I'm not disputing, by the way, that the Romans greatly valued educated Greek slaves. However, on this site we don't post statements without providing proof for them.

@ESprague,
You insult moderators here and there are consequences. I guess you didn't know that.

It is highly improbable, and something I haven't seen proposed by any serious analyst that Magna Graecia, the site of so much Greek settlement in the first millennium BC, and part of a genetic cluster with Greece recognized as long ago as in Cavalli-Sforza's seminal work but also by some modern genetic testing companies would have no or minimal E-V13 from those migrations. The only data you present for your proposition is sentence after sentence of stats for E-V13 in the rest of Italy, especially central Italy. Who has denied that there is E-V13 in other parts of Italy? Also, I already posted the actual data tables, so it was totally unnecessary.

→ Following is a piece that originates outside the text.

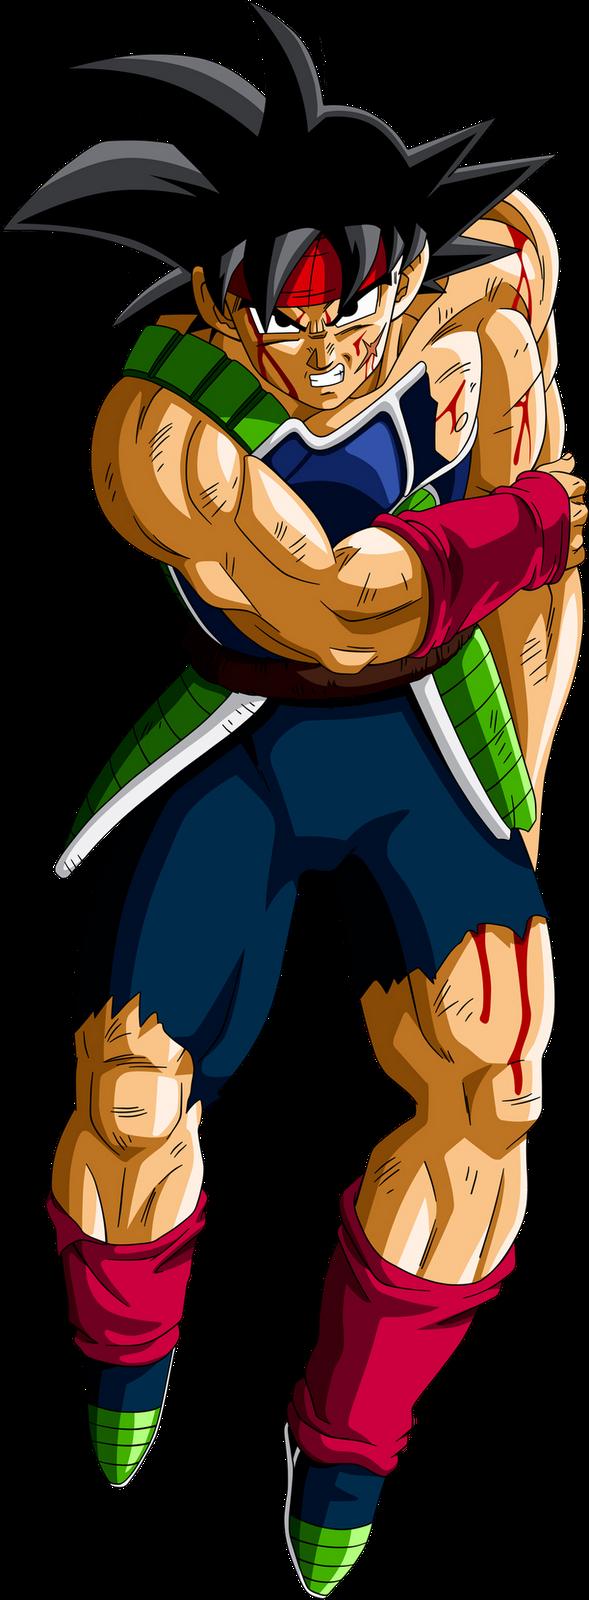 Dbz Bardock Ssj Dios Dbz Goku Son Bardock Ssj

The point is that Boattini et al found five separate clusters of E-V13 in Italy. Before we can come to any hard and fast conclusions about the source and timing of E-V13 in Italy, those clusters have to be further studied and snp tests provided for them. Then the samples that are banked have to be re-tested for those subclades and the precise TMRCA for each cluster has to be computed as closely as possible. Comparisons could then be made with samples from Greece, Albania, etc., but even then great care would have to be exercised. Any attempt to come to some scientific conclusions would, in my opinion, also have to include ancient dna. That would help with dating and give us the precise subclades involved with each migration.

Absent this kind of rigorous data collection and analysis it's impossible to safely draw the kinds of conclusions you are drawing as to the precise timing and direction of all the E-V13 in Italy.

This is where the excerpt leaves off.